ECU information security researcher Leah Shanley says there is “legitimate concern” a national digital ID plan could see people missing out on government services if they don’t sign up, or that it could even become mandatory.
The federal government’s considering legislation that would expand the “myGovID” program some people already use to access the tax office and Centrelink, first uploading identity documents to create an account for quicker future access.
This bill would pave the way for widespread adoption, allowing private companies to use the system to identify customers.
Having a digital ID would be voluntary at launch, but not signing up could mean missing out as more businesses start using and demanding it, and Ms Shanley says there’s a risk of “function creep” if an opt-in system one day becomes mandatory.
“Citizens may well be forced to opt-in or miss out on the service. This is a legitimate concern,” she says, and there’s precedent for other government rules undergoing function creep.
“As we can see with ‘two weeks to flatten the curve’, we are now discriminating against (rightfully or wrongfully) unvaccinated Australians, contact tracing has no end, and the push for vaccine passports is strong, despite Scott Morrison stating publicly we do not have mandatory vaccine policy in Australia… one has to question where this will end up.”
Ms Shanley said: “My research suggests, as does other empirical research, that citizens do not want to be monitored” and she is currently studying why people sometimes accept surveillance measures.
So far the factors seem to be when citizens trust a government, when there’s little information about who is processing data and where it is being stored, and when people are fearful – such as accepting contact tracing amid the threat of Covid.
Ms Shanley says citizen trust in the government has been steadily declining since 2007 and has suffered some recent hits, noting the WA government asserted SafeWA data would not be accessed by anyone but the health department.
“The WA Police requested access to that data just nine days after the Covid app was rolled out. The WA state government moved quickly to close the loophole with legislation; nonetheless it happened.”
People not understanding the depth of corporate access and handling of their data may also mean they don’t resist.
“My research suggests that citizens trust government entities more than private entities, but do not understand the network of relationships formed in the information environment,” Ms Shanley says, noting “data custodians are almost always third party providers”.
Amazon Web Services hold Covid app data, and private companies can be certified to hold data under the new digital ID bill.
“The question then becomes not ‘do I trust the government’, but ‘do I trust the government and Amazon Web Services’. The missing link here is knowledge.”
Ms Shanley says whether people accept digital ID comes down to trusting the government will not make it mandatory and will ensure the data is adequately protected in storage, transit and processing.
“One must think necessarily about the government of the day, but also the government of the future,” she says.
Govt systems hit by data breaches, human error, and system failures
THE digital ID system may be especially susceptible to attack by “easily-implemented code”.
During the 2020 round of consultation on the digital ID, security researcher Ben Frengley and renowned cryptographer Vanessa Teague advised the government of their 18-month investigation into the current version used by the Australian Taxation Office.
They identified “a number of serious security and privacy failings”, describing the identity exchange as “an extremely brittle architecture that would allow for large-scale identity fraud if that one component came under the control of a malicious party”.
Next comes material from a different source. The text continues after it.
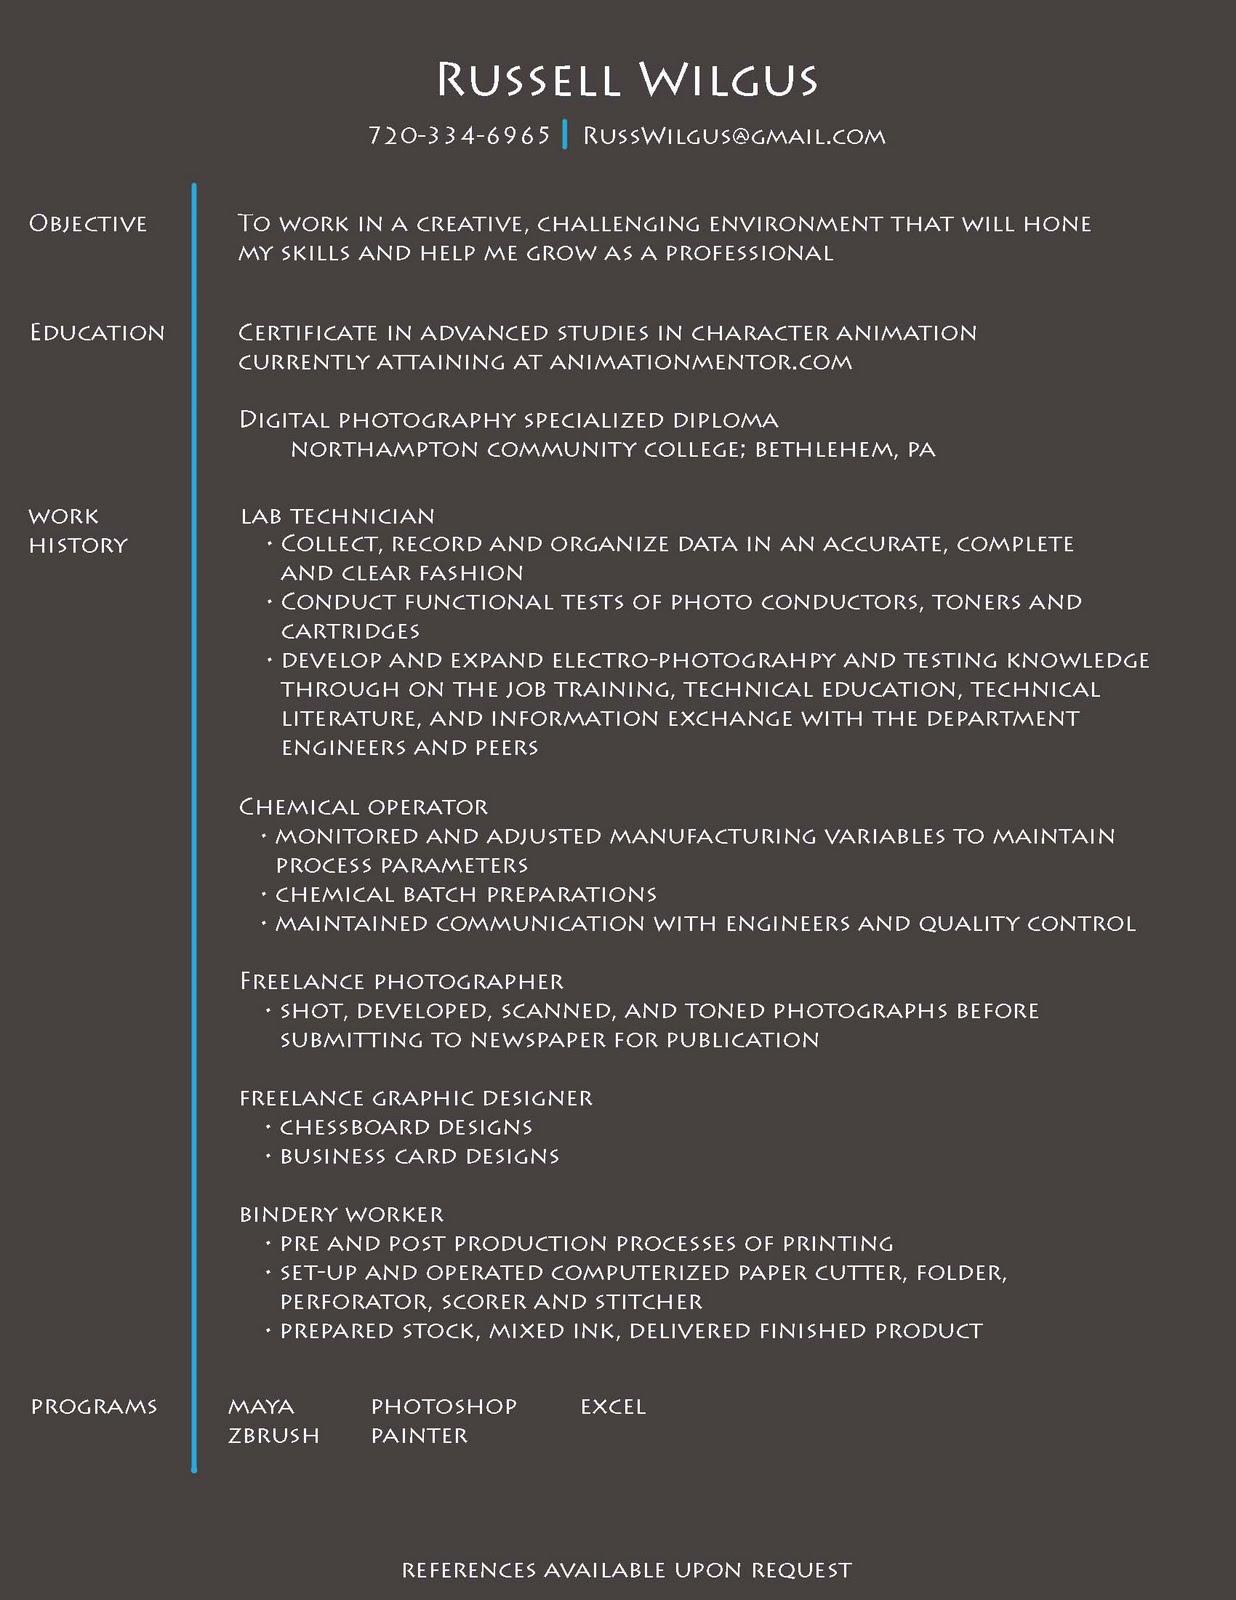 Bindery Helper Resume Documents Executive Resume Writers Hr Executive  Summary HR Executive Resume CEO Resum Executive

Dr Teague had previously discovered historical Medicare data that was supposedly stripped of identifying details but could still be matched to patients’ names, had jointly discovered that New Zealand census data identifying participants was visible to a private company overseas, and was part of a team that found flaws in the “iVote” internet voting system used in the New South Wales.
Since their submission the digital ID bill’s been updated to require participating companies to “seek help when affected by a cyber security fraud or a cyber security incident” and there are new restrictions on accessing and storing data.
It’s unlikely to be water tight: The bill already plans for failures by including a “redress scheme” so “customers have protections in the event of a fraud or cyber security incident”.
In the first six months of 2021 the Australian Information Commissioner was notified of 34 data breaches of federal government agencies.
Most data breaches occurred due to malicious or criminal attack, about 30 per cent are down to human error, and 5 per cent are system failures.